Are her allegations too vague?
The prince’s lawyers have argued that the substance of Ms Giuffre’s allegations do not amount to a violation of New York law.
But Judge Kaplan said that all Ms Giuffre has to show at this early stage of the case is that her complaint was plausible.
“The allegation that [Ms Giuffre] was forced to sit on [Prince Andrew’s] lap while he touched her is sufficient to state a battery claim under New York law, regardless of which part of her body the defendant ultimately is alleged to have touched,” ruled Judge Kaplan.
“[Bodily] contact is offensive if it wrongful under all the circumstances, which certainly is a reasonable inference from Ms Giuffre’s allegations.
“Ms Giuffre’s complaint is neither unintelligible, nor vague nor ambiguous, It alleges discrete incidents of sexual abuse in particular circumstances at three identifiable locations,” he said.
“While [Prince Andrew] understandably seeks more detail… he will be able to obtain that detail during pretrial discovery.” That’s a reference to the case’s next phase, which I explain below.
As for a complaint that her allegations duplicated each other, Judge Kaplan said they were sufficiently different – and it would be for a jury to decide how they overlap and what that would mean for any potential damages.
The prince’s rights as a defendant
Lawyers for the prince had also argued that the New York Child Victims Act – the law Ms Giuffre is using to bring the two-decades-old allegations – is unconstitutional because it allowed her to revive allegations that would otherwise be too late to bring to a court.

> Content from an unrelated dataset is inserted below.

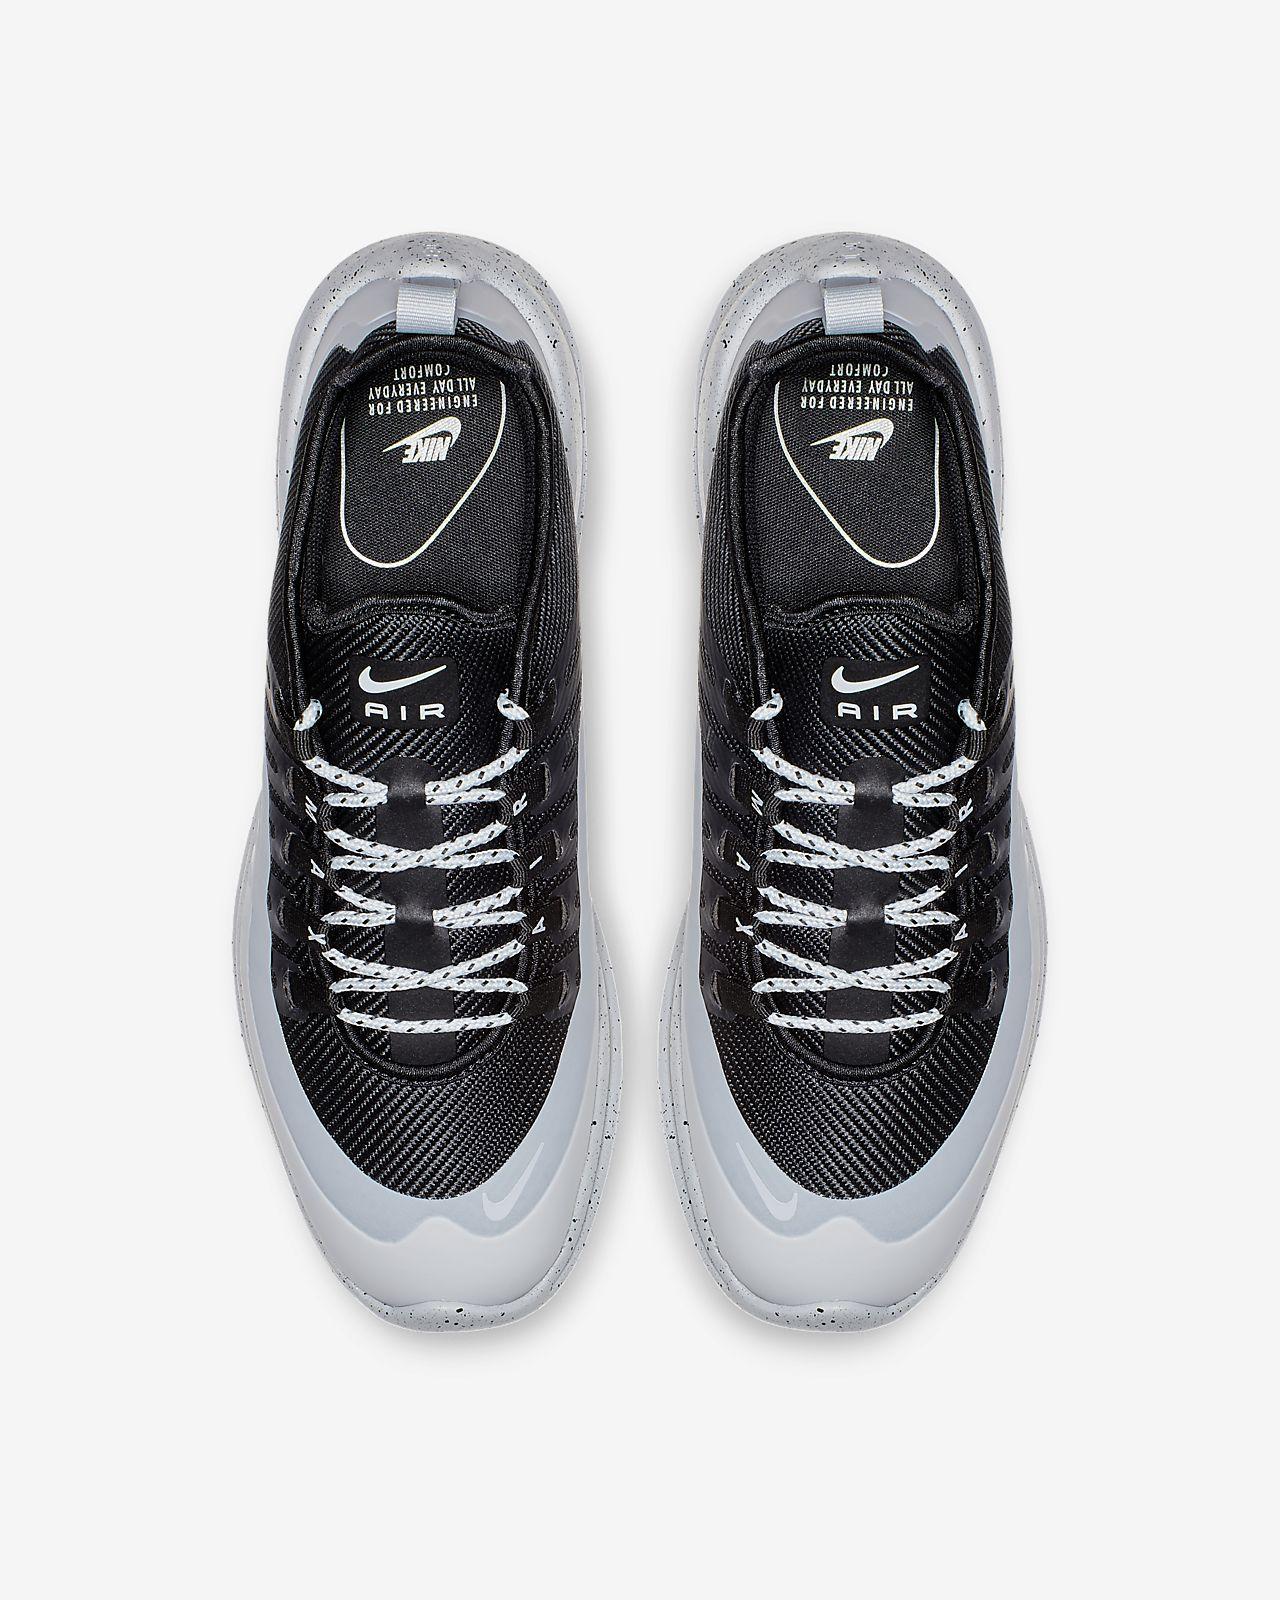 Nike Air Max Axis Premium Herenschoen. Nike NL

But Judge Kaplan said that argument had been tried before – and thrown out by every New York and federal court to have heard it.
What happens now?
Well, firstly, case number “1: 21-cv-06702” now appears unstoppable because the judge has set a clear timetable.
In the coming days, the court may have to consider sending letters on behalf of Ms Giuffre to the British courts if it needs their assistance in gathering evidence. This is not unusual – it’s part and parcel of transatlantic actions.
Then, by the middle of May, both sides must declare their witnesses.
At the same time, they must get on with providing evidence to each other.
Ms Giuffre wants proof that Prince Andrew could not sweat at the time when she says they met. She wants proof of his now world-famous night out in Woking’s Pizza Express.
His lawyers will want her evidence on where she actually lives. They may try to argue later that the case must stop because she lives in Australia and has no legal connection to the US.
By 14 July, Judge Kaplan wants all evidence exchanged and “deposition” to be completed. That means the witnesses’ evidence taken by lawyers and recorded for use in court later on. That means both the prince and Ms Giuffre putting their accounts on the record. He will face incredibly personal questions – as will she. And perhaps others will too.
What are the prince’s options?
He could try to appeal against the ruling – but that’s by no means guaranteed. If it were accepted by the higher court, that would naturally delay things.
If Prince Andrew does not appeal and fails to co-operate with the timetable and exchange of evidence, Ms Giuffre can apply for an automatic judgement in her favour.
So, assuming the appeal route doesn’t materialise, he has a simple choice: He either has to take part, prepare to give his side of the story and have it defended one way or another in court – or he has to settle.
There is, of course, legal risk for Ms Giuffre too. The burden is on her to prove her case. And the closer a case gets to trial, the bigger the financial risks become for a claimant because it just gets more and more expensive.
Her lawyer David Boies says justice would include some form of recognition from the prince of his actions – but he has always denied the allegations.
So the question now is this: if the prince’s team make her a cash offer, will she accept it?